_PROVIDED MATERIAL:_
######
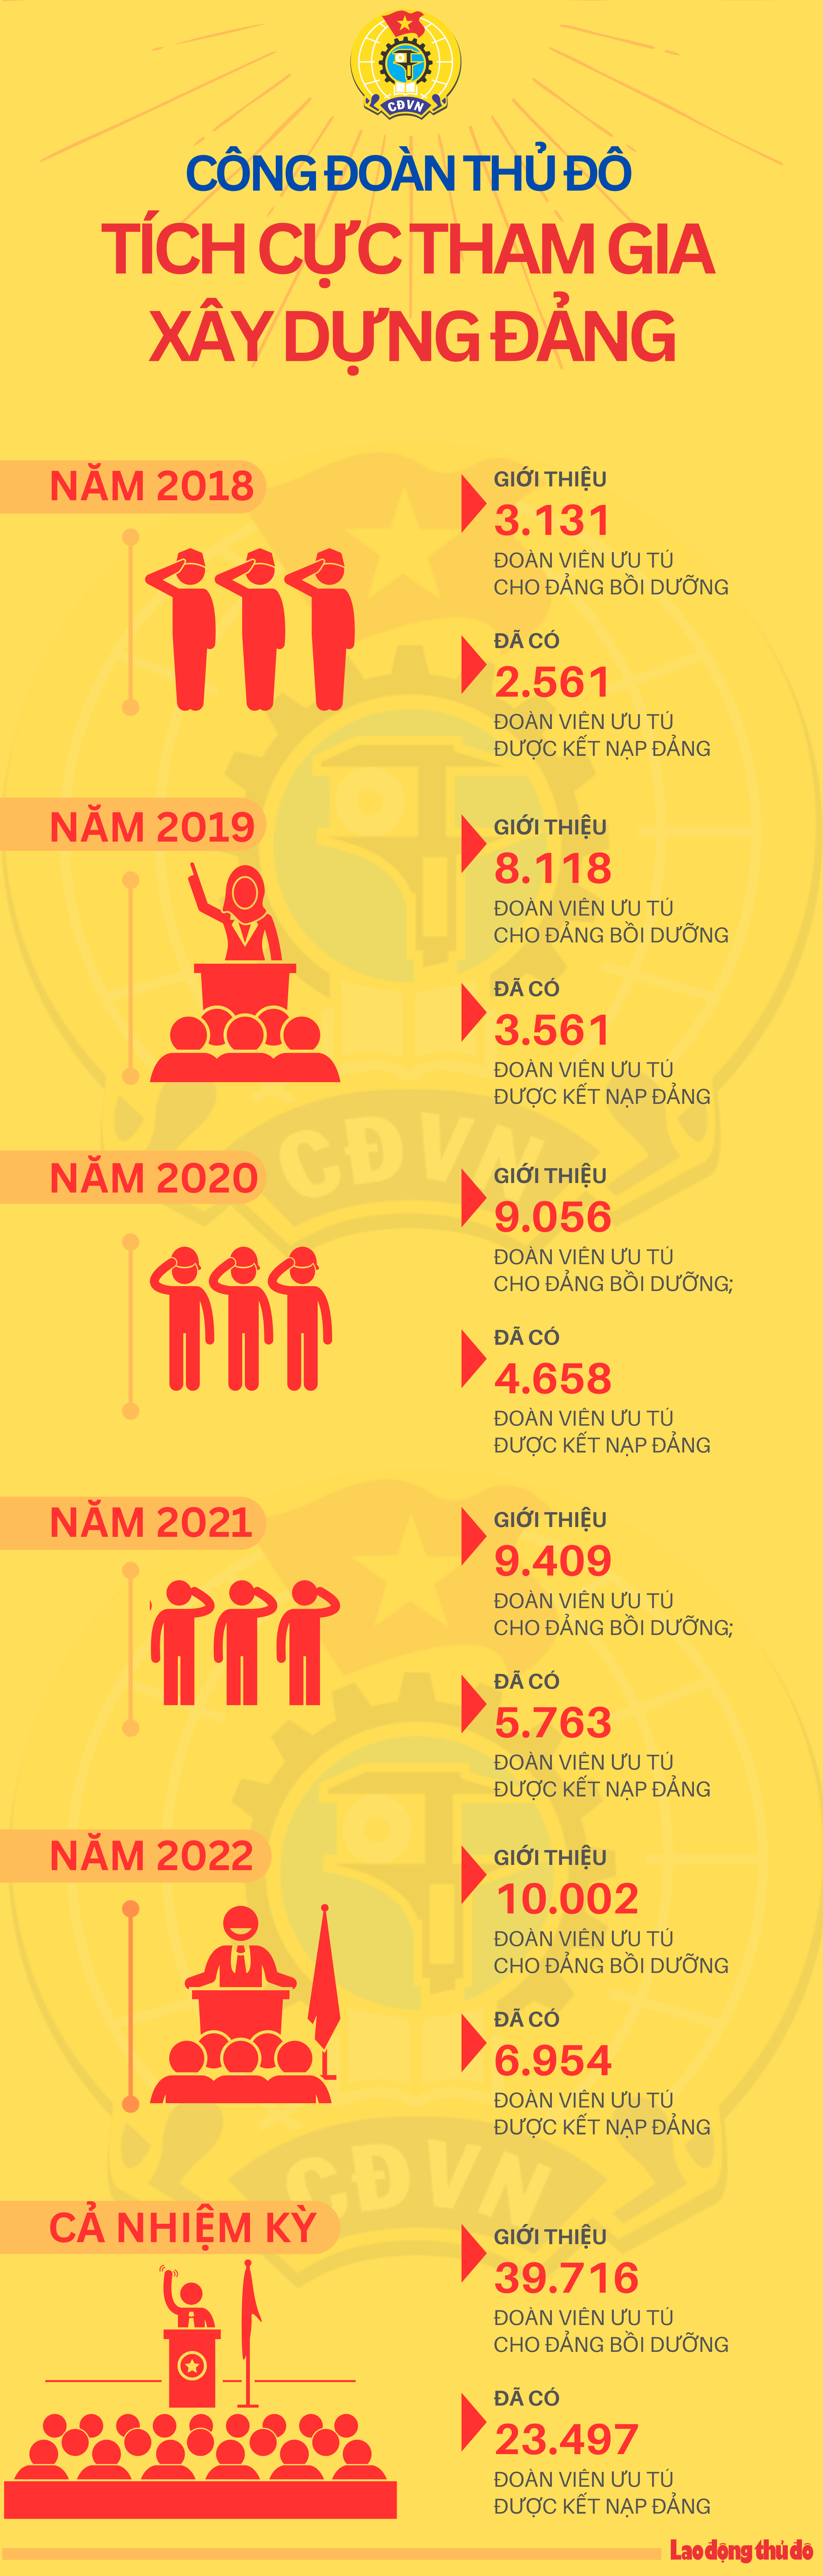 Infographic: Công đoàn Thủ đô tích cực tham gia xây dựng Đảng
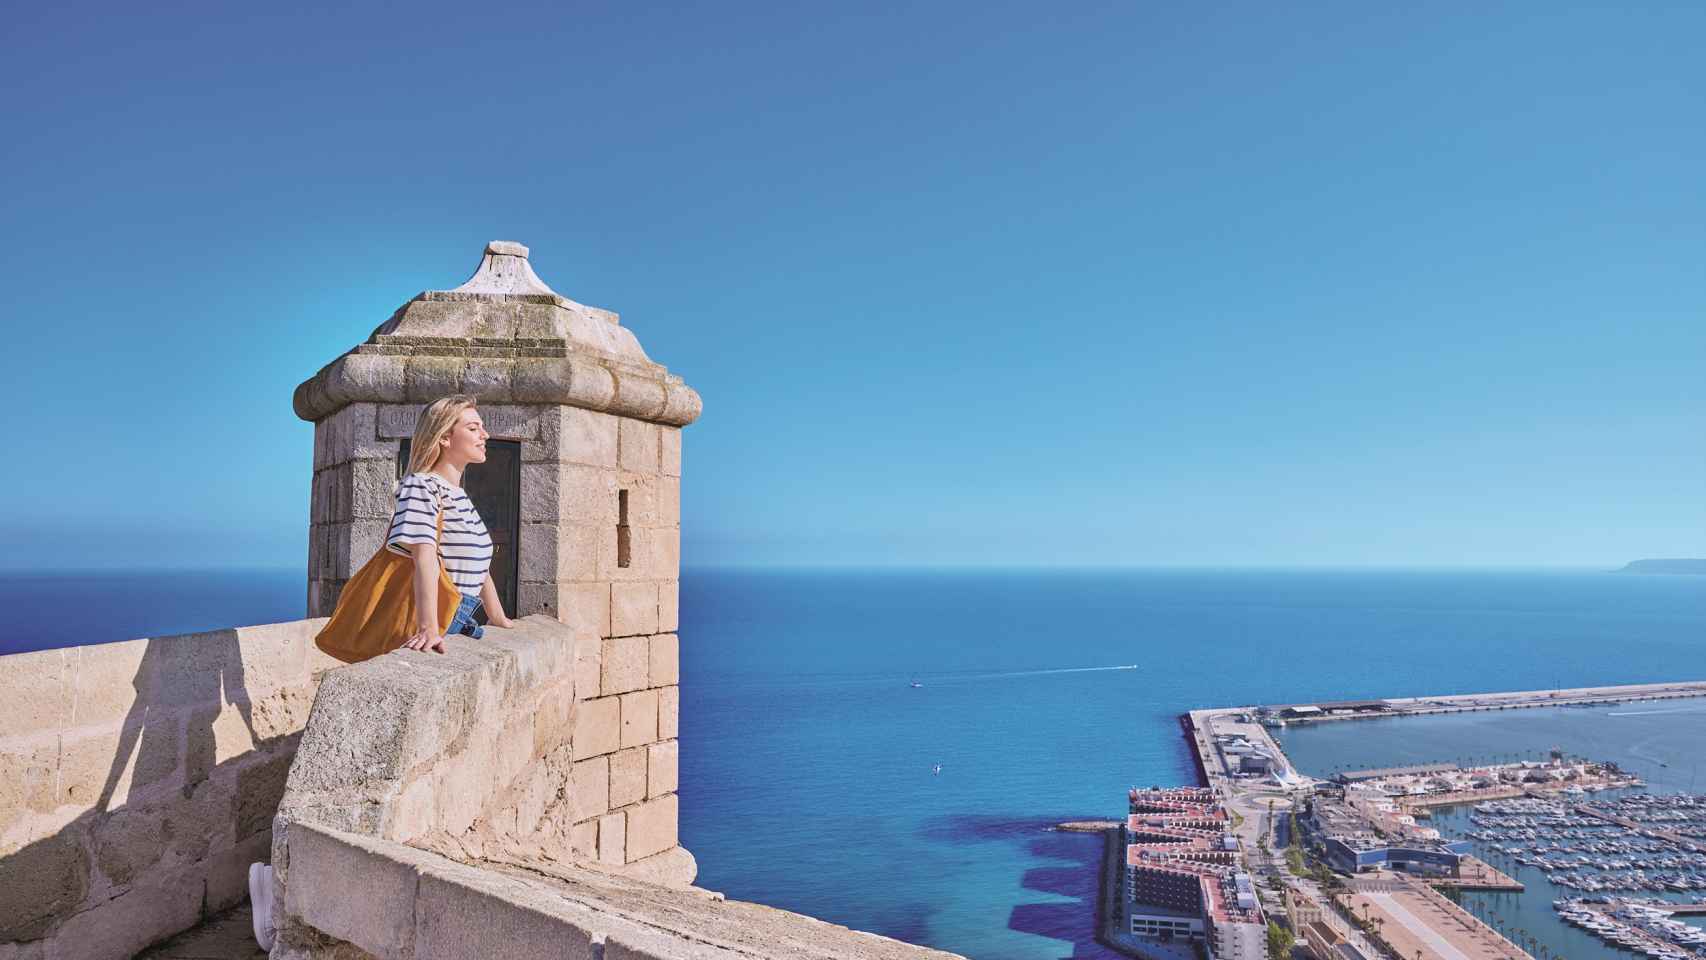 El castillo de Santa Bárbara de Alicante es el monumento más visitado de la Comunitat Valenciana.
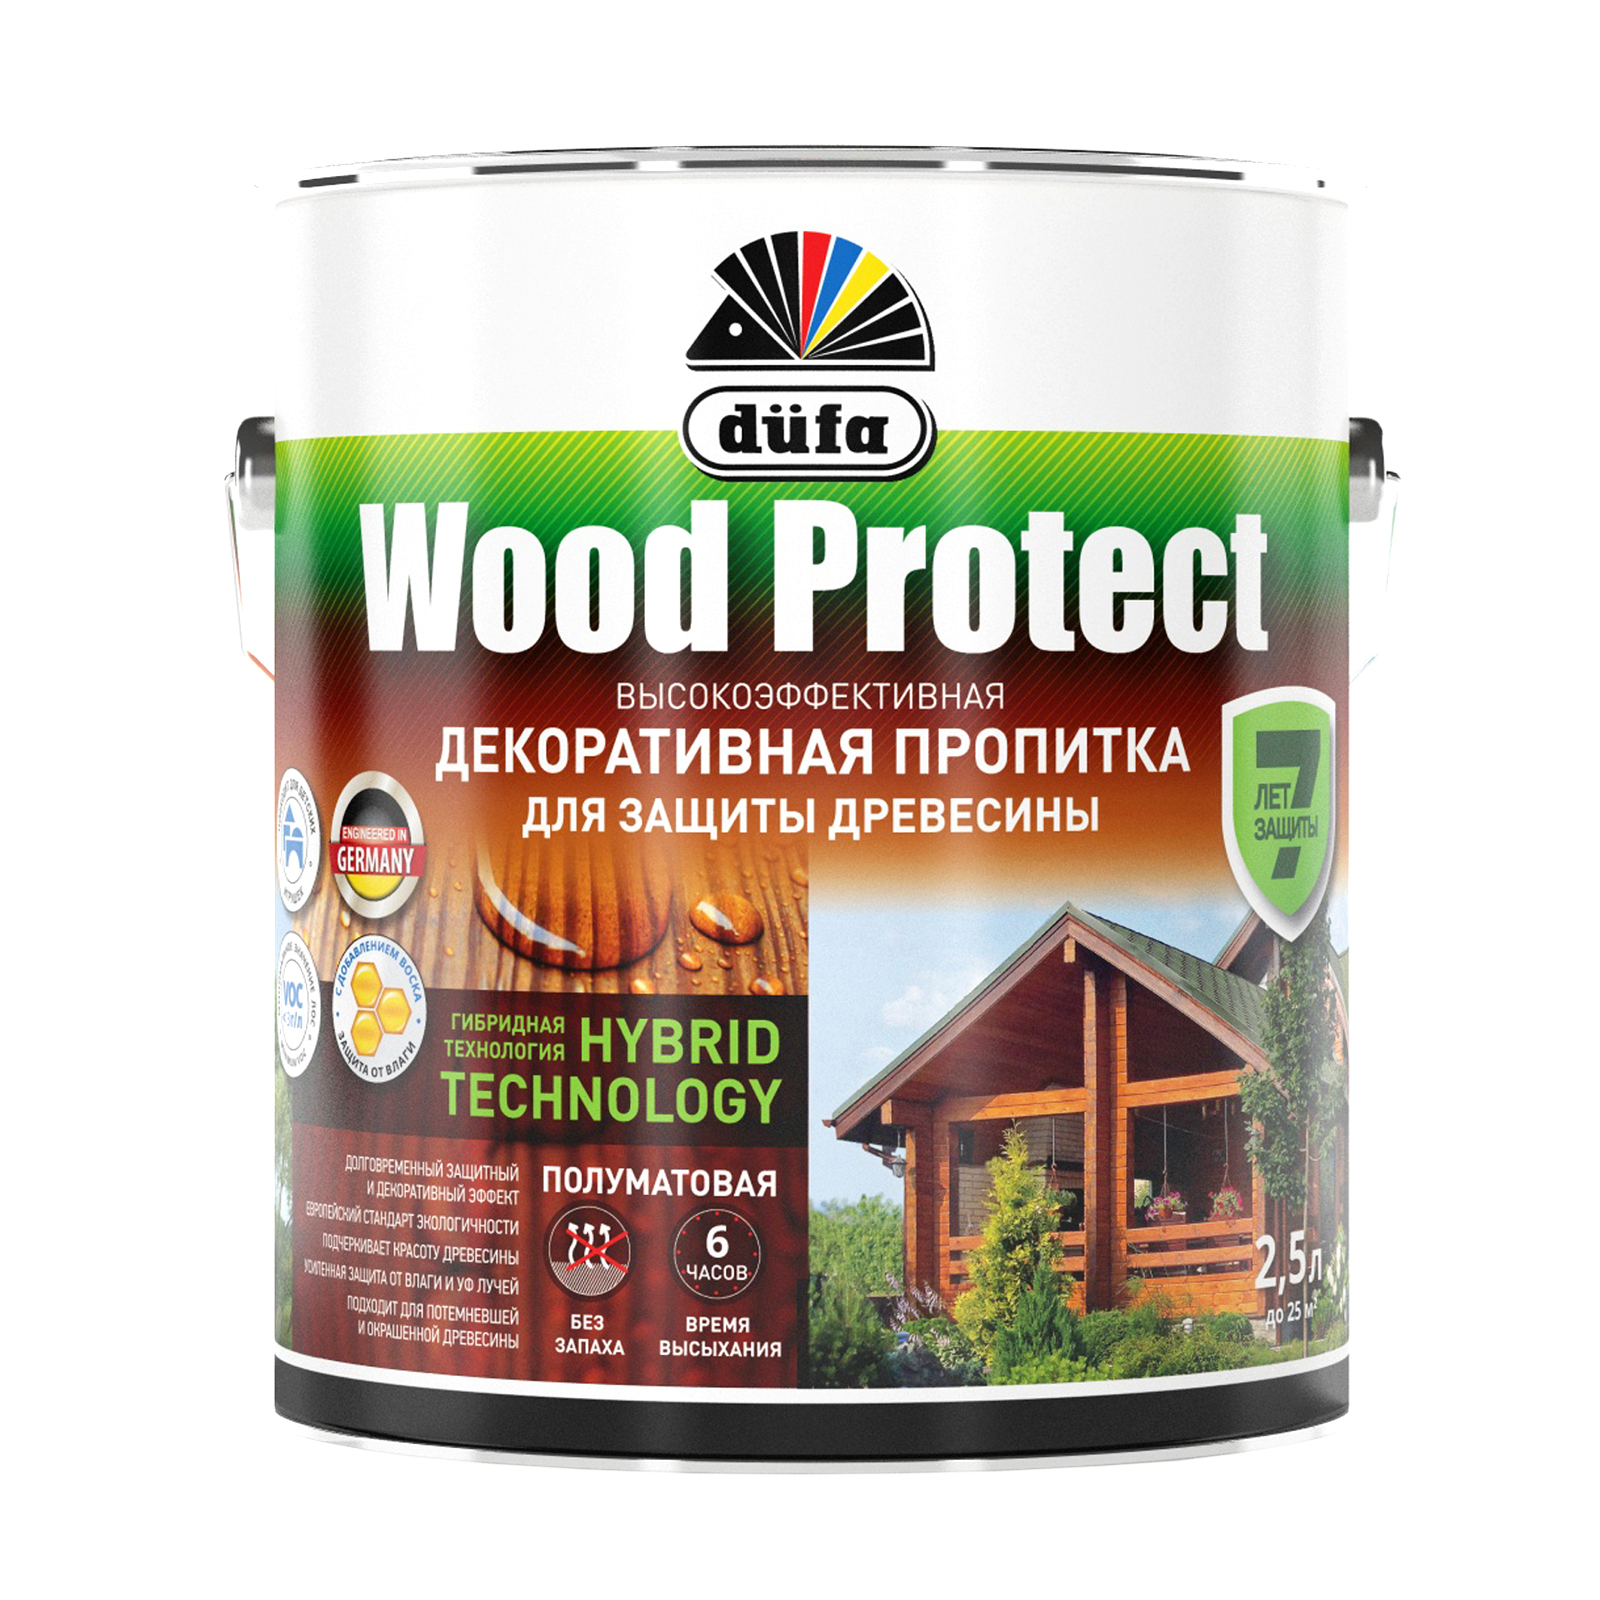 Пропитка для древесины Dufa Wood Protect палисандр, 2,5 л антисептик wood protect палисандр 10 л
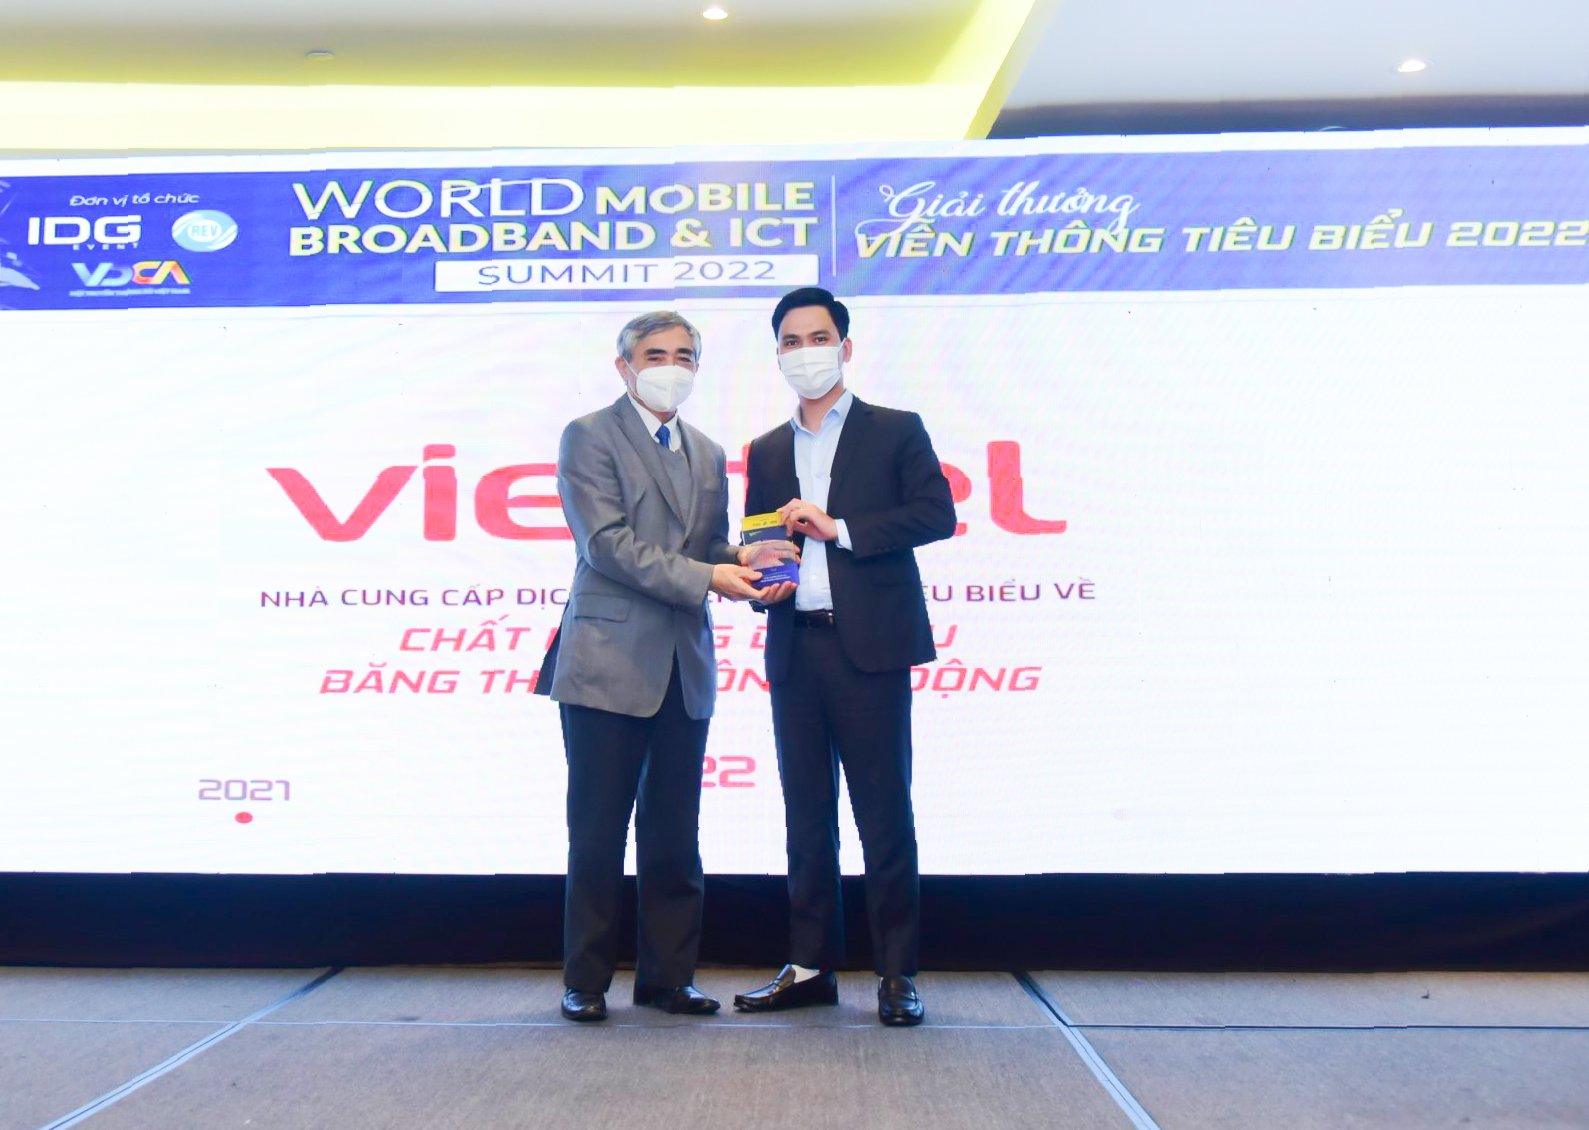 Viettel đạt giải thưởng Nhà cung cấp dịch vụ viễn thông tiêu biểu về chất lượng dịch vụ băng thông rộng di động - Ảnh 1.
######
_DIRECTIONS FOR THIS TASK:_ To complete this exercise, repeat exactly the lines above from the one holding "El castillo de" to the end of the listing, both included, and leave the pictures out.

_SOLUTION FOR THIS TASK:_
 El castillo de Santa Bárbara de Alicante es el monumento más visitado de la Comunitat Valenciana.
 Пропитка для древесины Dufa Wood Protect палисандр, 2,5 л антисептик wood protect палисандр 10 л
 Viettel đạt giải thưởng Nhà cung cấp dịch vụ viễn thông tiêu biểu về chất lượng dịch vụ băng thông rộng di động - Ảnh 1.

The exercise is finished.